Elasticsearch indexing happens out-of-process, meaning you must keep the index
up to date by periodically running ReindexRun.index_changed_model_instances
.
This method looks for models (currently Entity and Notice (and its subclasses))
with an updated_at
value greater than the last time we reindexed. It will
then retreive these model instances in batches (controlled by the value of
ENV['BATCH_SIZE'], with a default of 100) and send each of them to
elasticsearch.
The easiest way to reindex is to run the rake task
chillingeffects::index_changed_model_instances
via cron.
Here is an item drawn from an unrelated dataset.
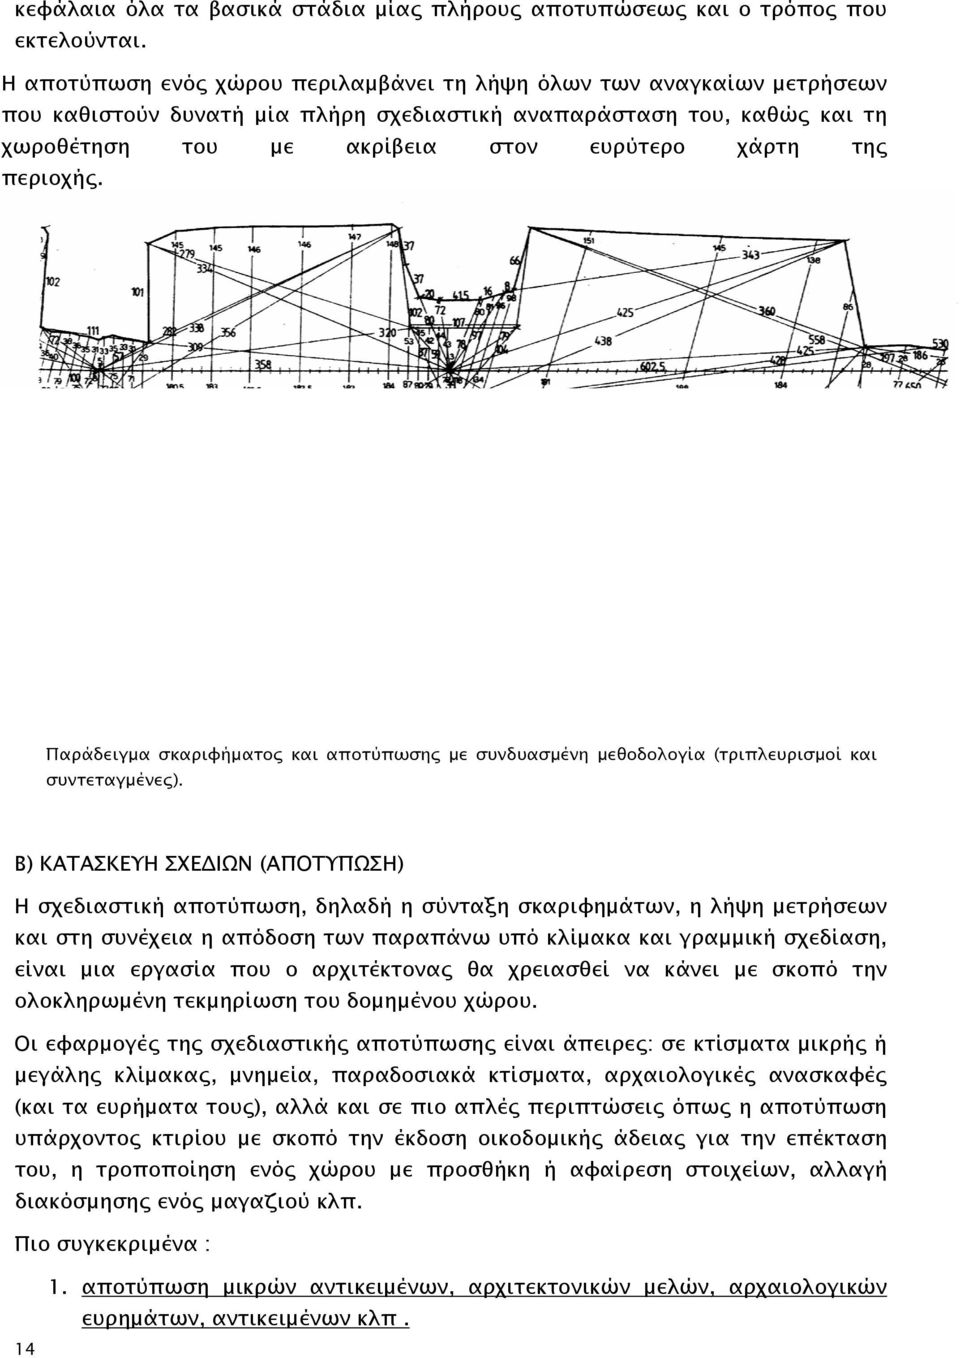 περιοχής. Παράδειγμα σκαριφήματος και αποτύπωσης με συνδυασμένη μεθοδολογία (τριπλευρισμοί και συντεταγμένες).

Every five minutes
would probably be a good starting point.
Please see the ReindexRun part of the admin for information about indexing
activity. We count how many entities and notices we index each run, and keep
timing information that you can parse by comparing the updated_at
and
created_at
timestamps.
You should ensure that no more than one of the incremental indexers tasks is
running at once via a lockrun
-like cron harness.
You can either remove all ReindexRun rows, or - preferably - use the
chillingeffects::recreate_elasticsearch_index
rake task after disabling the
cron job you set up to run the incremental indexing. This also uses
ENV['BATCH_SIZE'] to set how many items will be indexed per loop, ensuring we
don't use too much RAM at once.
It should only be necessary to recreate the elasticsearch index when:
- There's a problem with elasticsearch and you've got a corrupted index
- You change the index mapping
- You're setting things up for the first time